GIVEN INFORMATION Start Marker

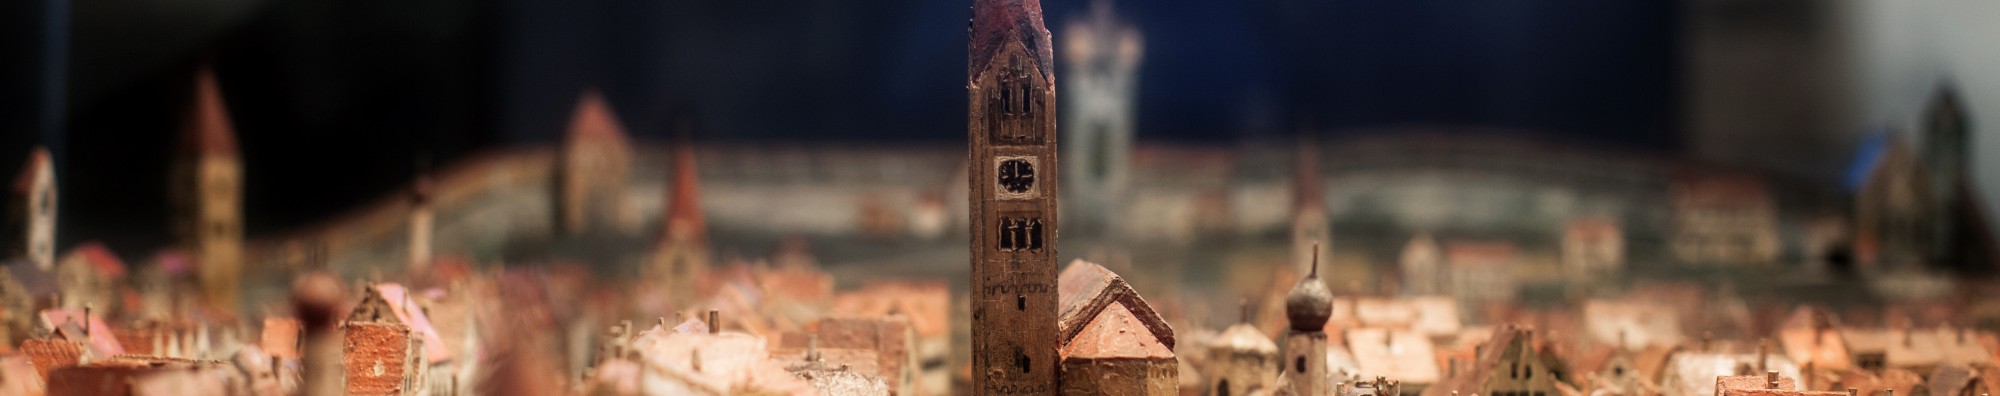 Miniaturmodell der Stadt Kaufbeuren. Im Zentrum der Kirchturm der Martinskirche. 
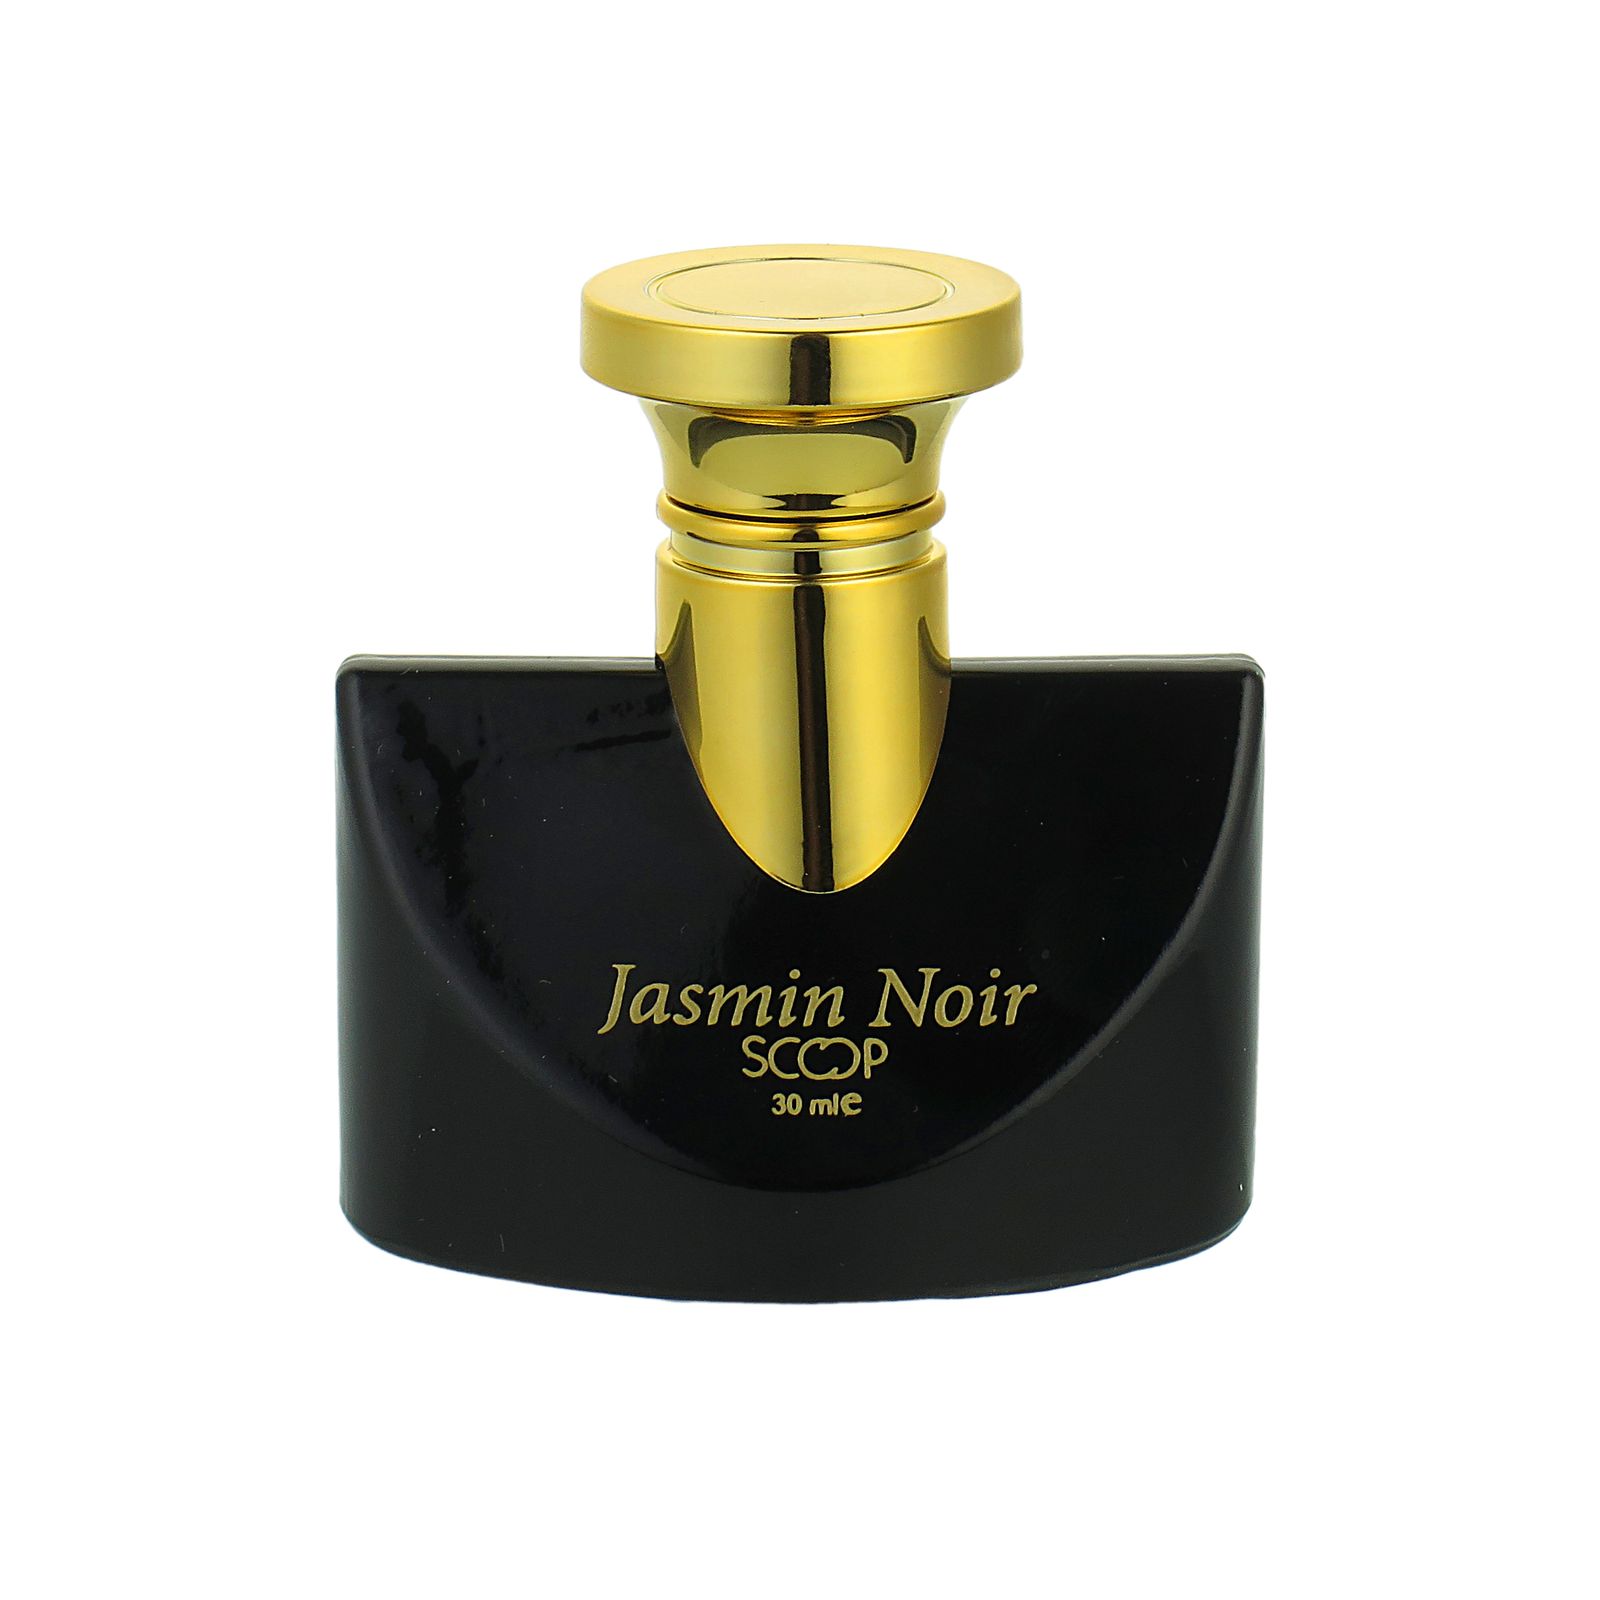 ادو پرفیوم زنانه اسکوپ مدل Jasmin Noir حجم 30 میلی لیتر
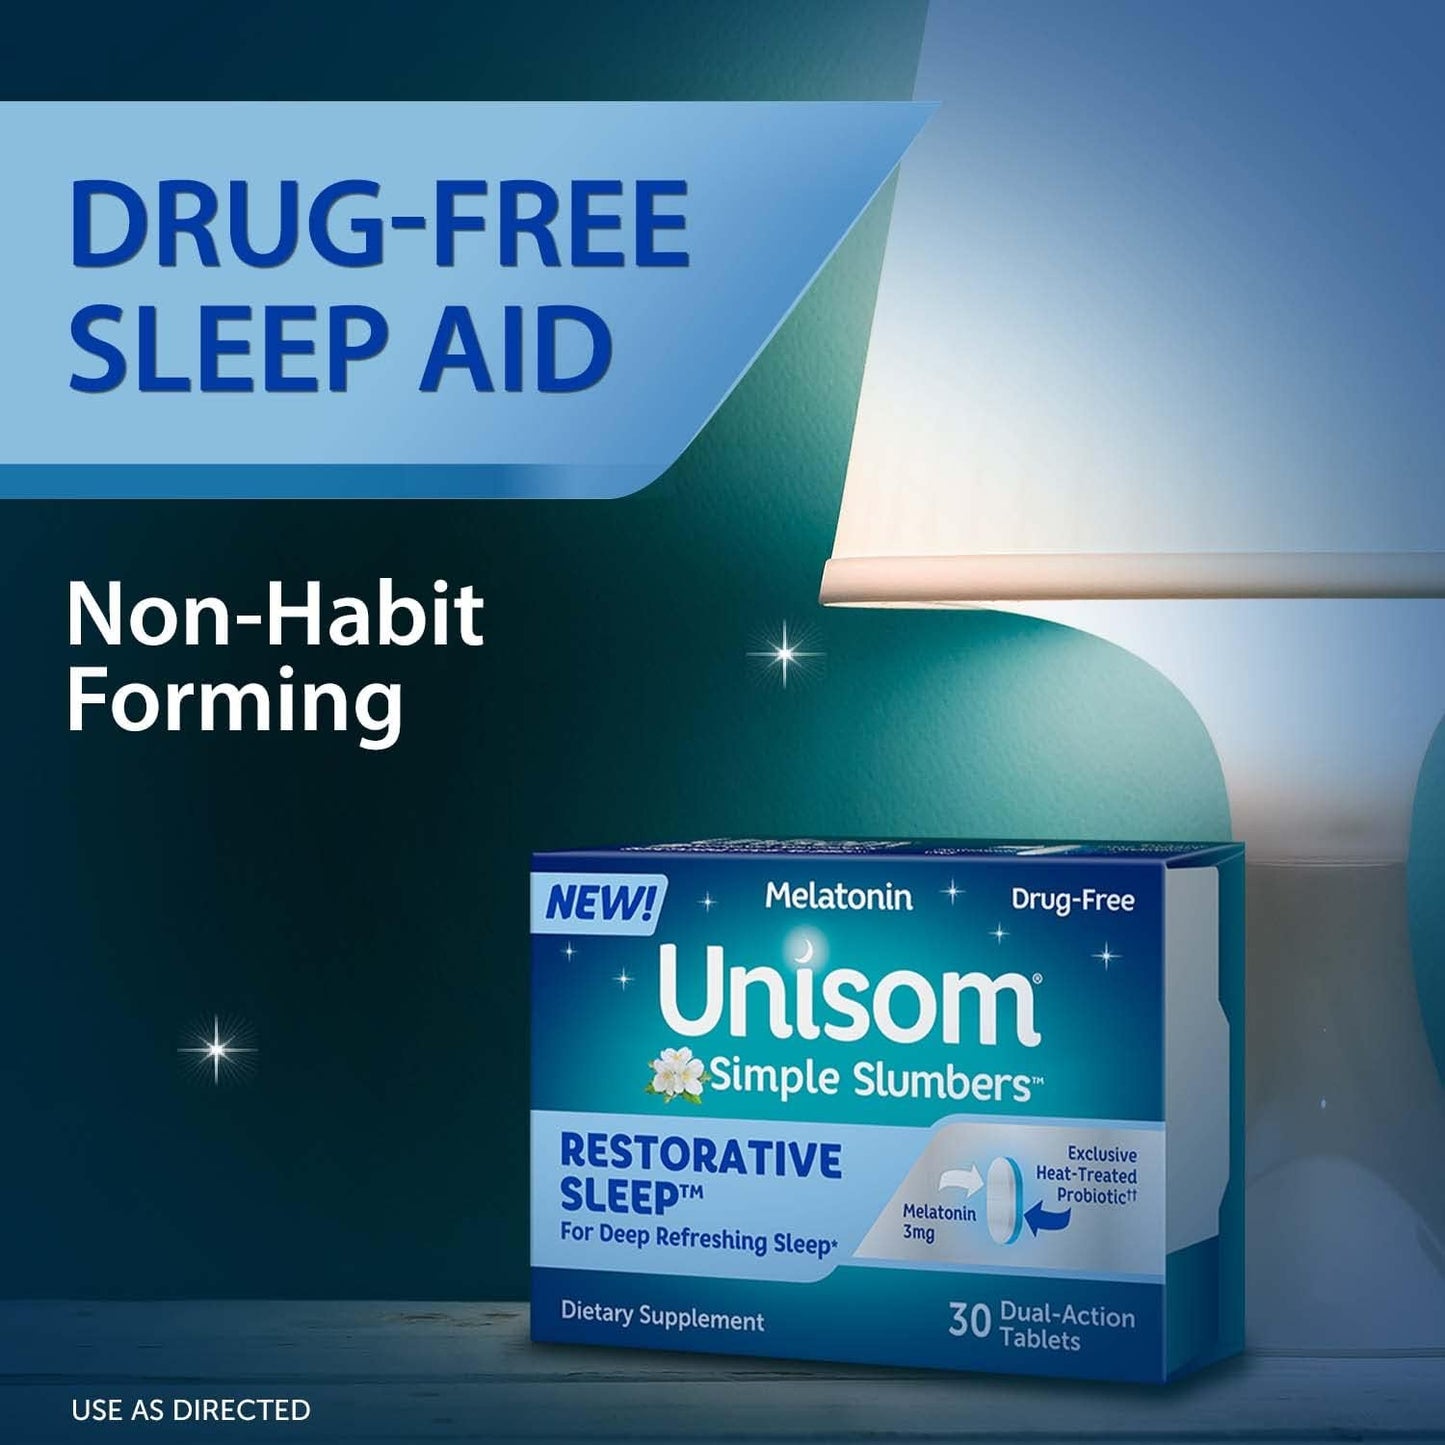 Unisom Simple Slumbers Restorative Sleep Tablets 30-Count, Melatonin 3mg
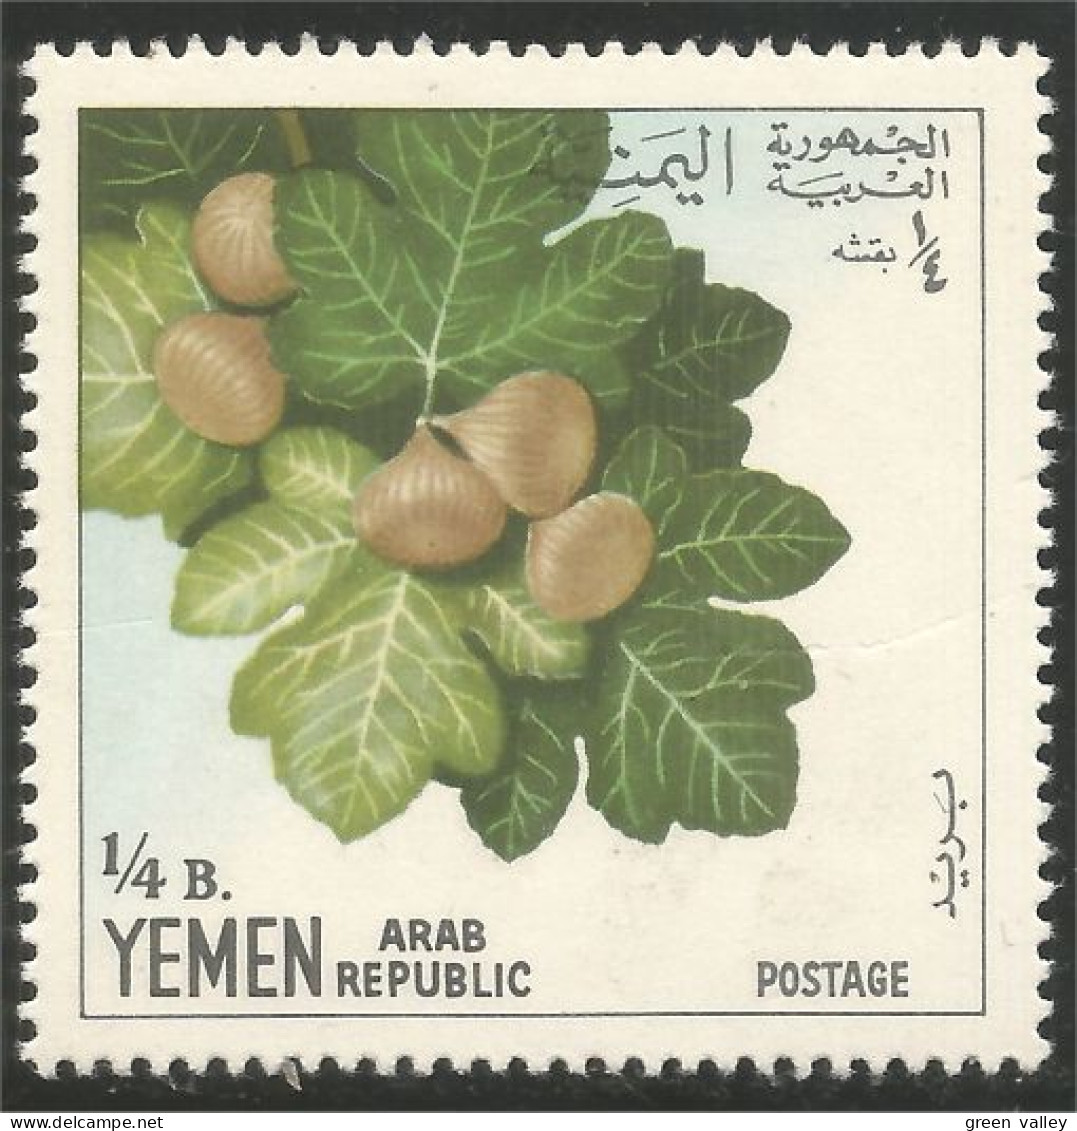 FR-30b Yemen Fruits Figue Fig Feige Figura Higo Afb MH * Neuf CH Légère - Alimentation

GIVEN INFORMATION End Marker

THE PROBLEM: Nothing but the pictures should be left out when the material above is copied.

COMPLETED TASK:
 Miniaturmodell der Stadt Kaufbeuren. Im Zentrum der Kirchturm der Martinskirche. 
 ادو پرفیوم زنانه اسکوپ مدل Jasmin Noir حجم 30 میلی لیتر
 Unisom Simple Slumbers Restorative Sleep Tablets 30-Count, Melatonin 3mg
 FR-30b Yemen Fruits Figue Fig Feige Figura Higo Afb MH * Neuf CH Légère - Alimentation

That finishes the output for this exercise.